Программа курса междисциплинарная, поэтому в ходе обучения студентам предстоит определиться, в какой области они будут работать – документальном театре или документальном кино. Цель программы Угарова – постановка взгляда документалиста. Программа также практико-ориентированная. Студенты на каждом занятии и дома выполняют задания. Избранные Угаровым студенческие работы на занятиях исполняются вслух и обсуждаются.
В начале каждого занятия Угаров рассказывает о значимых событиях документального театра, приглашает студентов на те или иные события «Дока» и Центра драматургии и режиссуры, вовлекает студентов в новые проекты «Дока» и собственные работы (во второй половине 2010 года он выпускает в Центре драматургии и режиссуры пьесу Максима Курочкина «Класс Бенто Бончева»).
Также Угаров знакомит студентов с подходом к театру других художников круга «Дока» и приглашает на занятия Ксению Перетрухину, Дмитрия Волкострелова, Игоря Стама, Сашу Денисову.
В завершение курса создаются и исполняются силами самих студентов композиции избранных учебных работ «Запретная тема». Угаров анализирует их и предлагает разные подходы.

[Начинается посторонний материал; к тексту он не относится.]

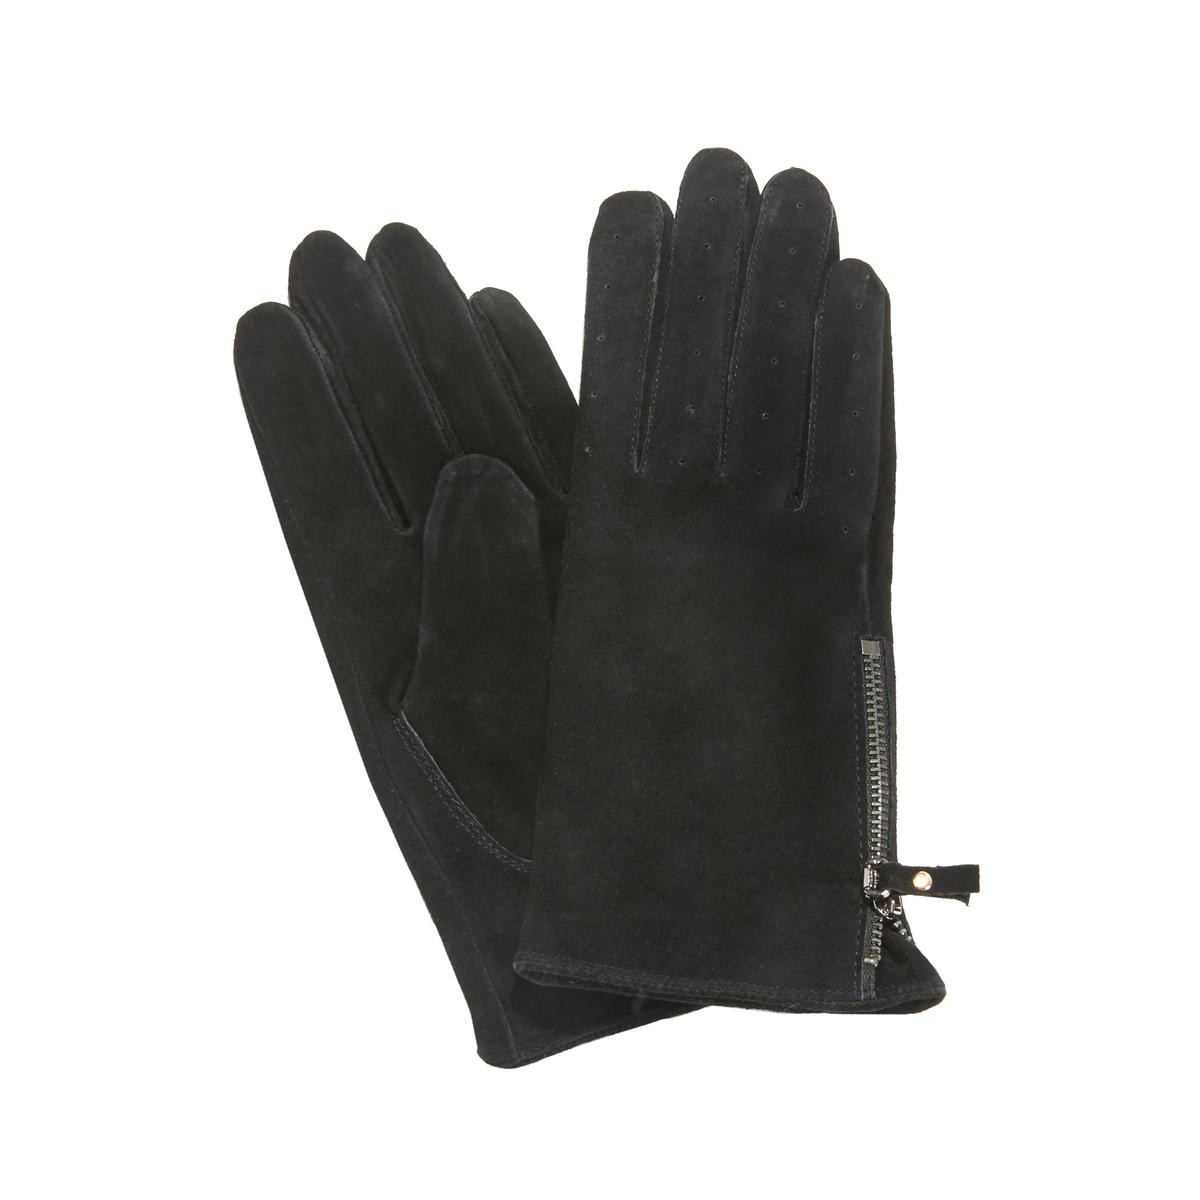 Перчатки La Redoute Кожаные на молнии S черный ботильоны la redoute кожаные на молнии размеры 26 каштановый

Текст занятий приводится по аудиозаписям, которые студенты иногда делали для своих целей. Наибольшее количество записей сохранено студентами этого курса. В публикацию вошли расшифровки сохранившихся занятий в сокращенном виде и некоторые студенческие работы.
3 октября 2010
На первом занятии Угаров знакомит студентов со своими принципами обучения, называет цель (постановка взгляда) и предупреждает, что студентам придется переступать границы личного. Курс начинается с работы с материалом – сначала это опыт и истории самих студентов, затем опыт и истории других людей. Угаров предлагает упражнение «Двенадцать предметов» и комментирует студенческие работы. Дает задание на тему «Граница» и вводит определение ноль-позиции.
Постановка взгляда
Угаров: Мастерскую нашу мы ведем вдвоем с Мариной Александровной Разбежкиной. Она занимается кино, я занимаюсь театром, и мы посчитали, что кино и театр можно и необходимо соединить, потому что это две стороны разного дела. Киношников очень обогащает знание законов театра. Людей, которые театром занимаются, очень обогащает знание киноязыка.

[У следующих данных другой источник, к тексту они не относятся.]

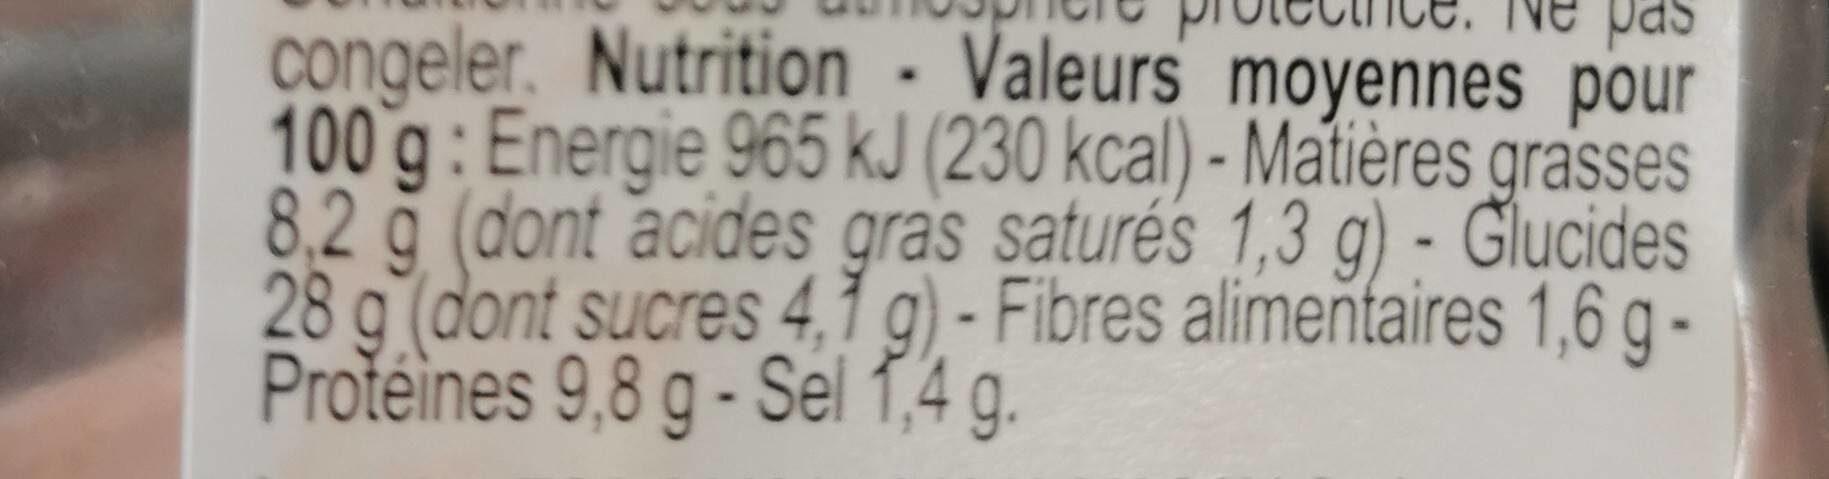 Sandwich Poulet tandoori - Nutrition facts - fr

Люди только к диплому начинают разбираться, чем они хотят заниматься на самом деле. Поэтому вам сейчас нет необходимости определяться, чем вы будете заниматься.
Что самое главное нужно сказать. Вот у меня список курса – 34 человека. Конкурс был очень большой, мы многих людей отсеяли, но и 34 человека для такого курса – это очень много. Это связано с экономической целесообразностью курса, но для педагогов это, конечно, беда, и для студентов тоже. Ни один педагог не в состоянии работать по дисциплине «режиссура» с таким количеством людей. Это нереально. Реальная группа – это пять-семь. Поэтому ответственность перекладывается на вас. Принцип такой. Я выбираю семь-десять, условно говоря, любимчиков. Тот человек, который запомнился, яркий, интересный – я работаю с ними. Остальные либо подтягиваются, либо вниз спускаются. Поэтому здесь очень много зависит от вас. Проявляйтесь, пожалуйста. Курс очень короткий. Мы ничего за это время не успеваем. Поэтому – проявляйтесь. Вы должны обращать на себя внимание педагогов. Не бойтесь этого.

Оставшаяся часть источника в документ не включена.